Even as Paytm shares were trading lower for the fourth straight day, Citi suggested a target of Rs 1,055 on the stock, suggesting a potential 139 per cent potential upside.
In a bull case scenario, it sees the stock at Rs 1,230, suggesting a 179 per cent potential upside.
In a bear case scenario, it sees the stock at Rs 605, a potential 37.5 per cent upside.
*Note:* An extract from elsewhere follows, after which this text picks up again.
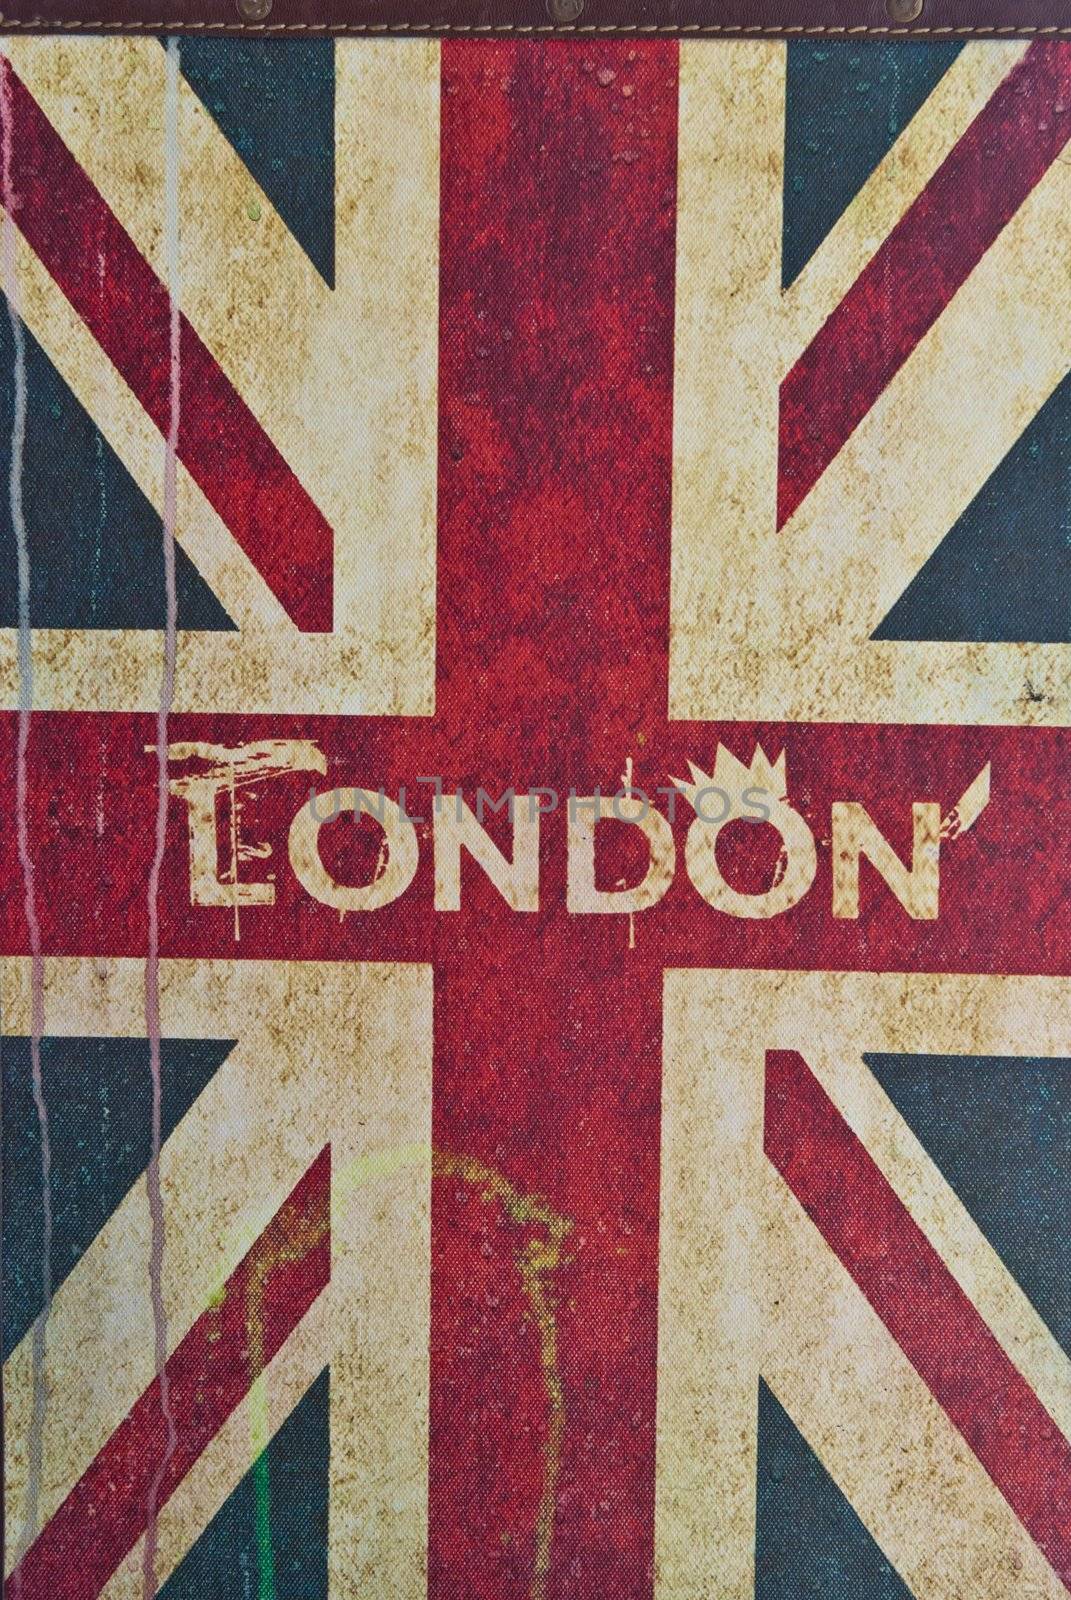 UK flag with london in th middle, can be use for background purposes.

“We value the Payments business on an EV/GP basis at 13.5x Sep’24E (at par with global payment companies) resulting in Rs 466/share (Rs 429/share earlier). We value the Financials Services business at Rs 375/share (Rs 353/share earlier). We value the commerce and cloud vertical at Rs 81/share. Overall, this approach yields a TP of Rs1,055,” it said
Citi called the stock ‘High Risk’ based on its quantitative model, but Paytm healthy net cash position and likely declining cash burn going forward do not support a ‘High Risk’ rating, it said.
Citi said Paytm has gained market share in digital payments versus PayU. This is even as the growth appears comparable on MDR-generating TPV basis at 59 per cent YoY for PayU against 52 per cent YoY (Paytm) for January-June period. In the BNPL segment, Paytm is seeing faster growth in active customer base against PayU’s Lazypay, it said.
“Lazypay’s reported loss-rate has increased CYTD to 3.1 per cent (up 30bps vs CY21) – something to watch out, for the broader BNPL space in India (Paytm has reported stable asset performance across its lending partners’ portfolio with loss-rates at 1.1-1.3 per cent for the postpaid BNPL product),” Citi said
Citi said Paytm’s business in lending space is distribution and therefore its revenue/cost-structure are commissions-based. Paytm is trading at 5 times FY24E EV/Contribution profits and 4 times EV/Gross profits.
“We acknowledge overhang risks from further selling by existing pre-IPO shareholders and that fintech is a competitive space but at these valuations, those risks are overdone,” it said.